After a mildly received debut album, A Whole New Thing (1967), Sly and the Family Stone had their first hit single with "Dance to the Music", which was later included on their second album of the same name (1968). Although their third album, Life (also 1968), also suffered from low sales, their fourth album, Stand! (1969), became a runaway success, selling over three million copies and spawning a number one hit single, "Everyday People". By the summer of 1969, Sly and the Family Stone were one of the biggest names in music, releasing two more top five singles, "Hot Fun in the Summertime" and "Thank You (Falettinme Be Mice Elf Agin)"/"Everybody Is a Star", before the end of the year and appearing at Woodstock.
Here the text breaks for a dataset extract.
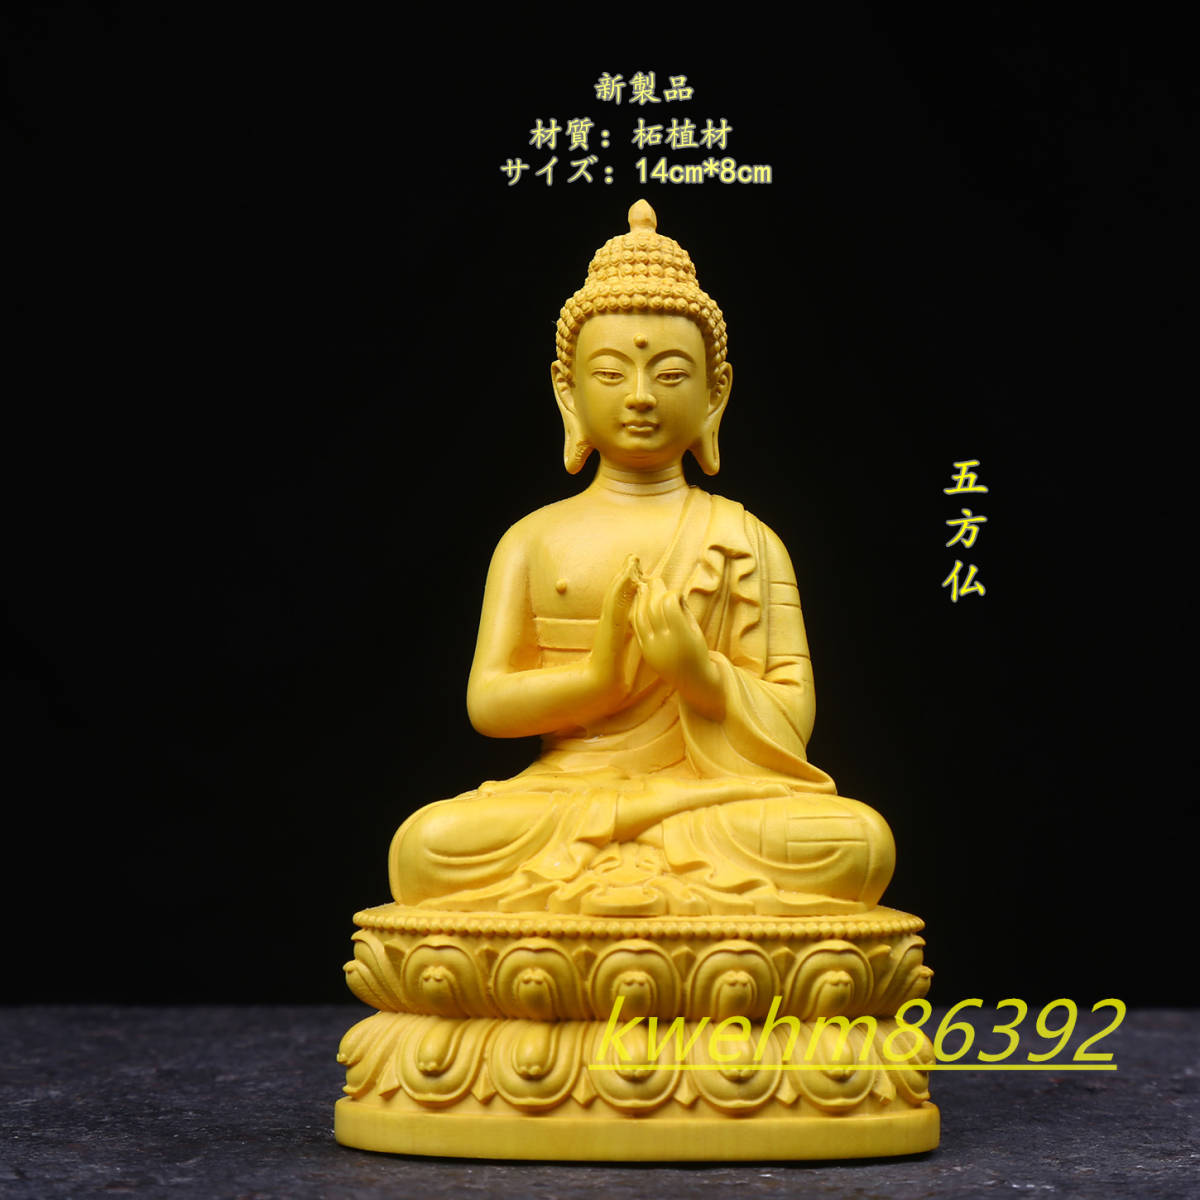 極上彫 木彫り 仏像 五方仏 彫刻 仏教工芸品 柘植材 仏師で仕上げ

During the summer of 1969, Sly and the Family Stone also performed at the Summer of Soul concerts in Harlem and received an enthusiastic response from the large crowd.

After the group began touring following the success of Dance to the Music, The Family Stone drew praise for their explosive live show, which attracted black and white fans in equal measure. When Bob Marley first played in the U.S. in 1973 with his band The Wailers, he opened on tour for Sly and The Family Stone.

Along with David Kapralik who brought Sly and the Family Stone to Epic records, Stone co-formed Stone Flower Productions, a company that was jointly owned by both of them. Kapralik played multiple roles in Sly's career, serving as a producer and advisor. Sly was occasionally seen wearing a Star of David necklace, which some sources have interpreted as a personal nod to Kapralik.
The label that had material produced by the company, Stone Flower Records, had their records distributed by Atlantic Records.

===Personal problems===
With the band's newfound fame and success came numerous problems. Relationships within the band were deteriorating; there was friction in particular between the Stone brothers and Larry Graham. Epic requested more marketable output. Jewish-American manager David Kapralik claimed that the Black Panther Party urged Stone to replace him with a black manager.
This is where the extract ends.